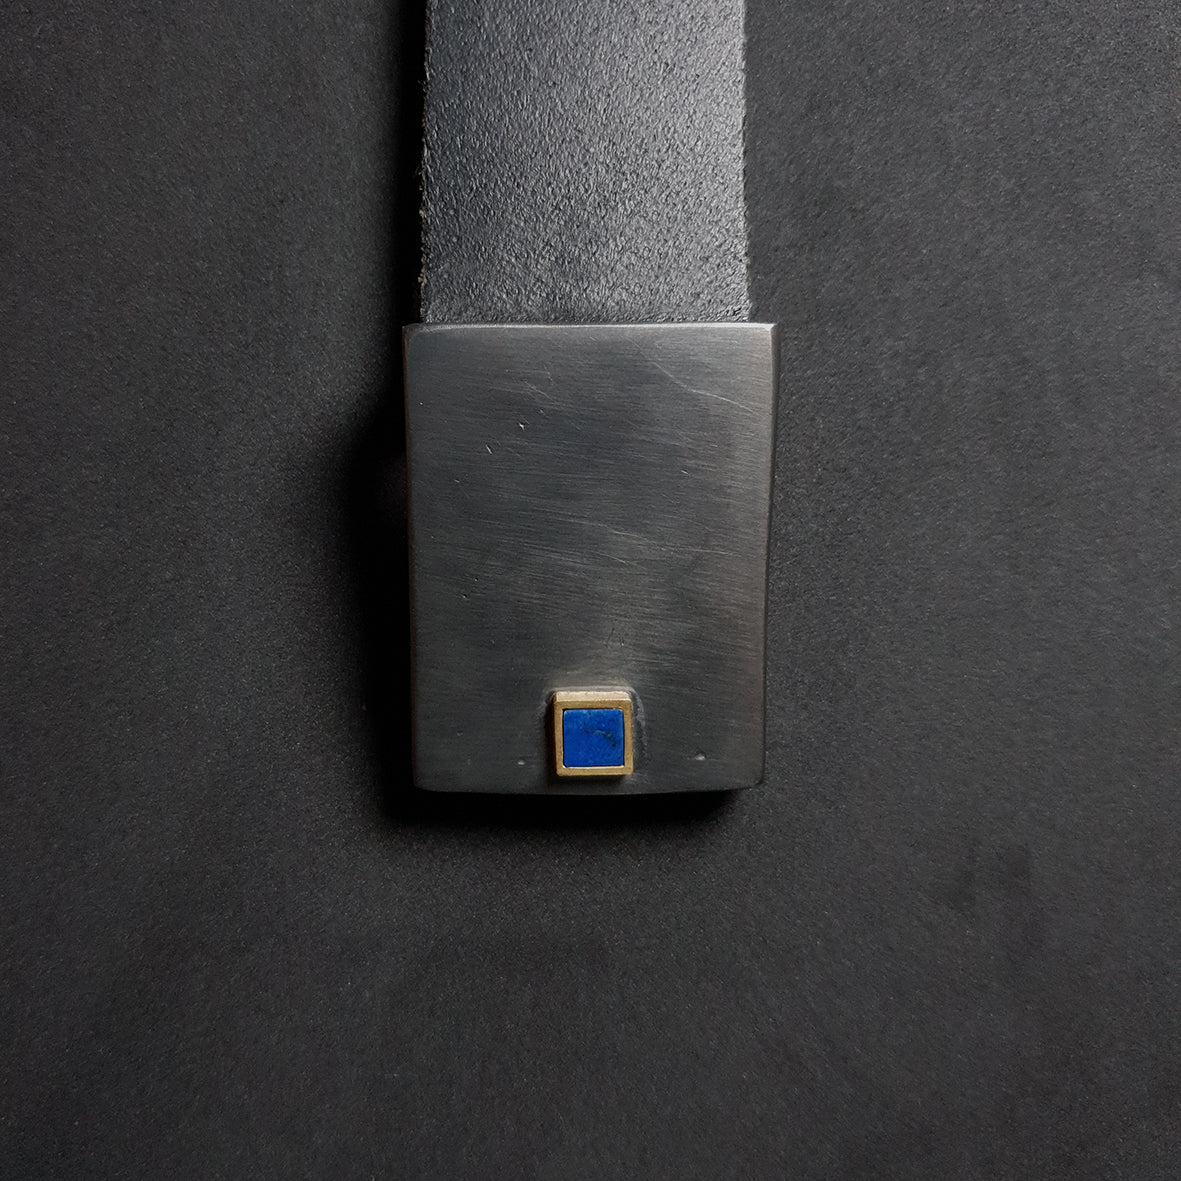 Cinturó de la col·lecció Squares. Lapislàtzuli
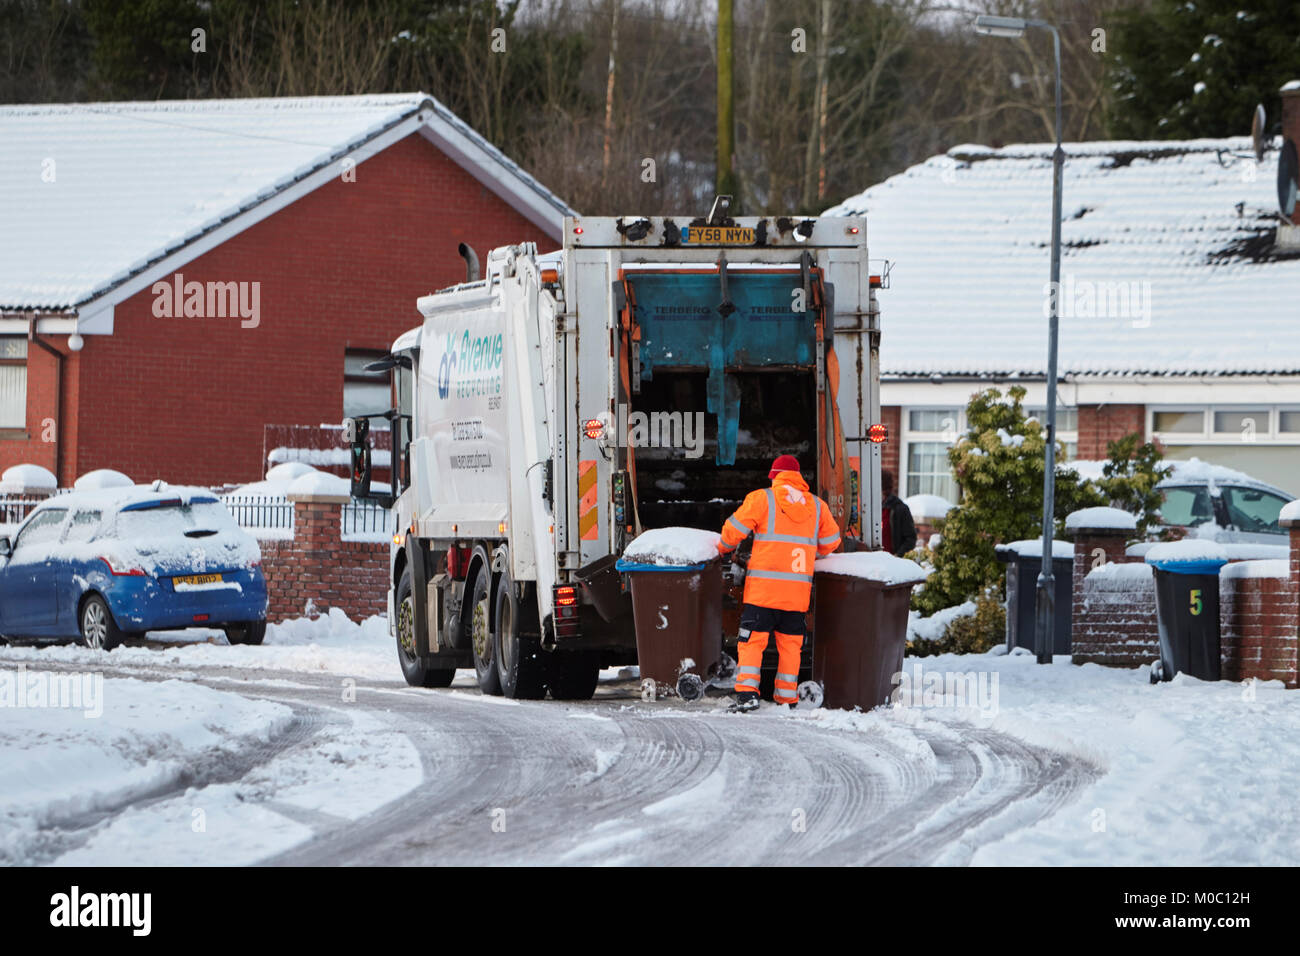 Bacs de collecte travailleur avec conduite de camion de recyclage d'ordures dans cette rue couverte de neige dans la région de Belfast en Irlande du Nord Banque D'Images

-------

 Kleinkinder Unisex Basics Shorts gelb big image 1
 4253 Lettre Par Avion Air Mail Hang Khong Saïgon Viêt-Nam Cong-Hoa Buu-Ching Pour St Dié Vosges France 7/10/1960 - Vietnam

-------

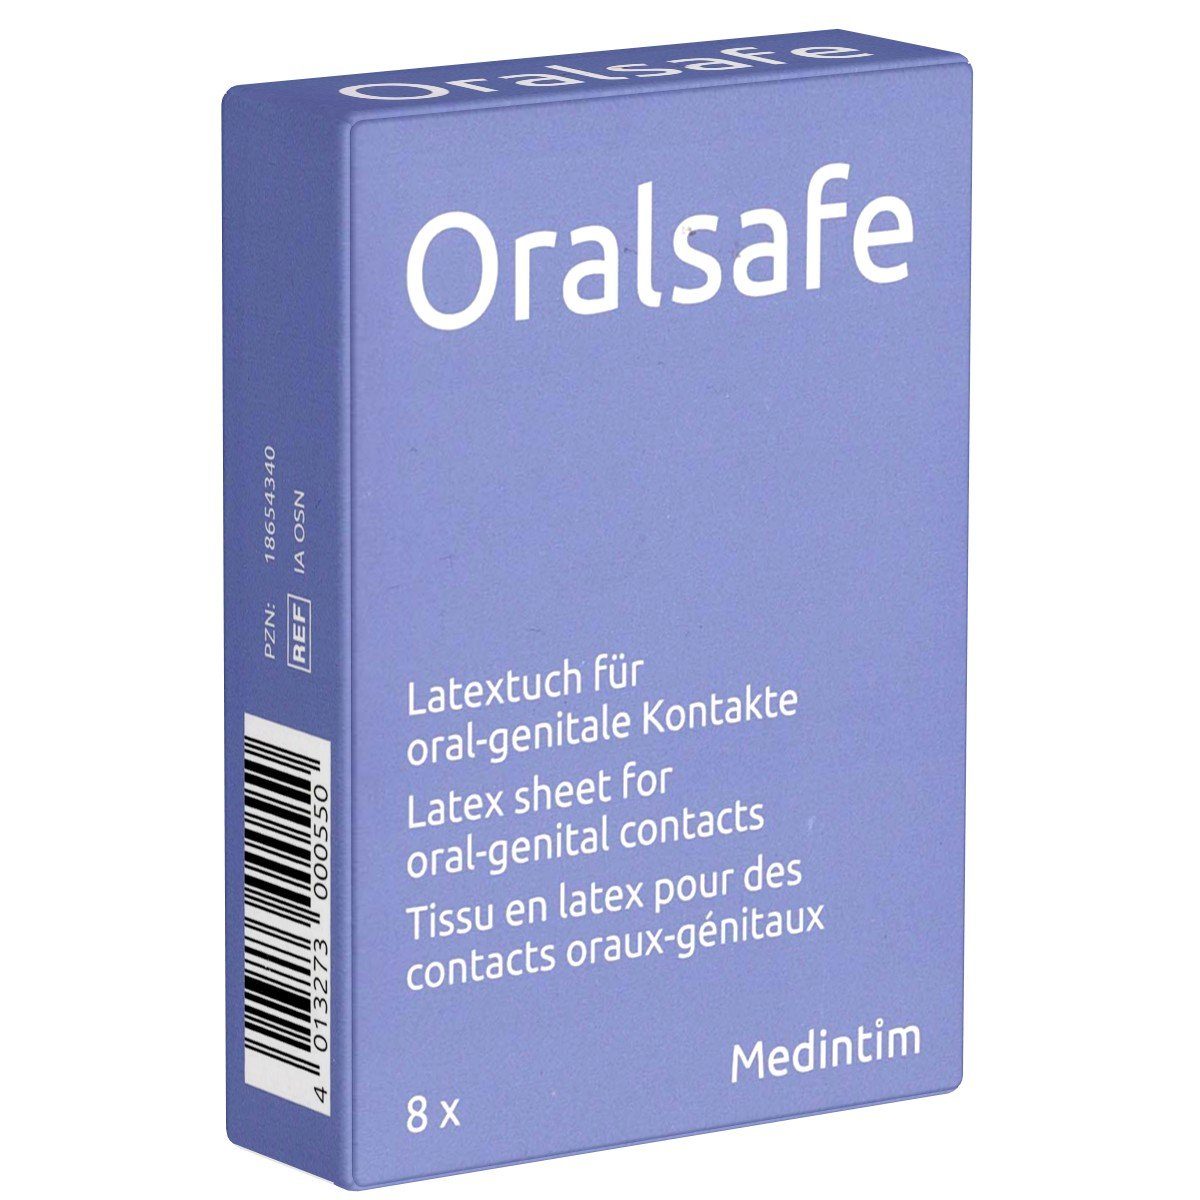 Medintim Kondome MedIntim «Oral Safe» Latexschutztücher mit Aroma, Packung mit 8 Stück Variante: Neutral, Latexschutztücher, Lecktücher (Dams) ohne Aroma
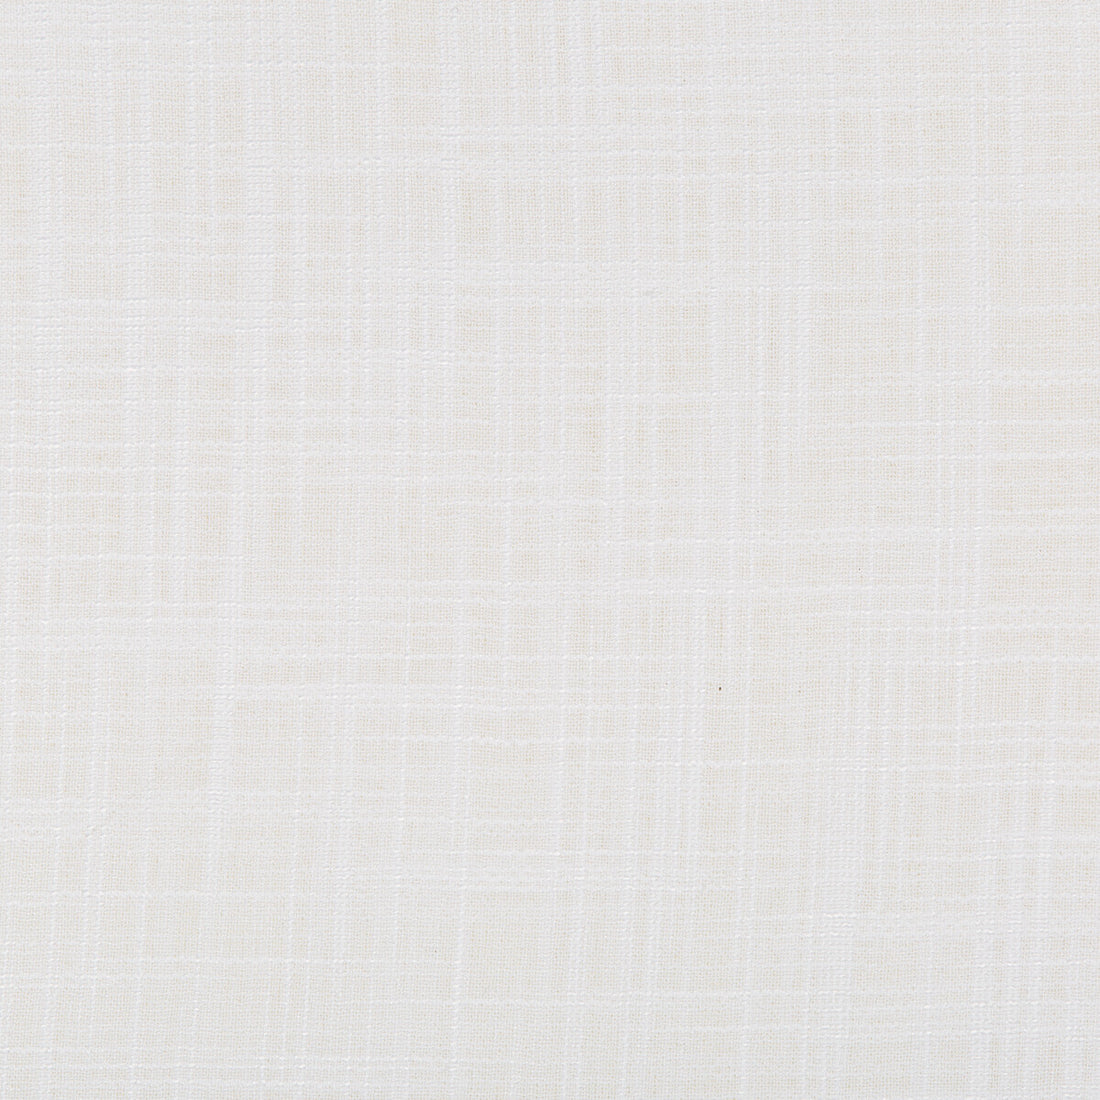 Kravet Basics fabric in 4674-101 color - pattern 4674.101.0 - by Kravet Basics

-------

With the pictures left out, write out exactly the lines above from the one containing "Medintim Kondome MedIntim" through the one containing "Kravet Basics fabric".

> Response
 Medintim Kondome MedIntim «Oral Safe» Latexschutztücher mit Aroma, Packung mit 8 Stück Variante: Neutral, Latexschutztücher, Lecktücher (Dams) ohne Aroma
 Kravet Basics fabric in 4674-101 color - pattern 4674.101.0 - by Kravet Basics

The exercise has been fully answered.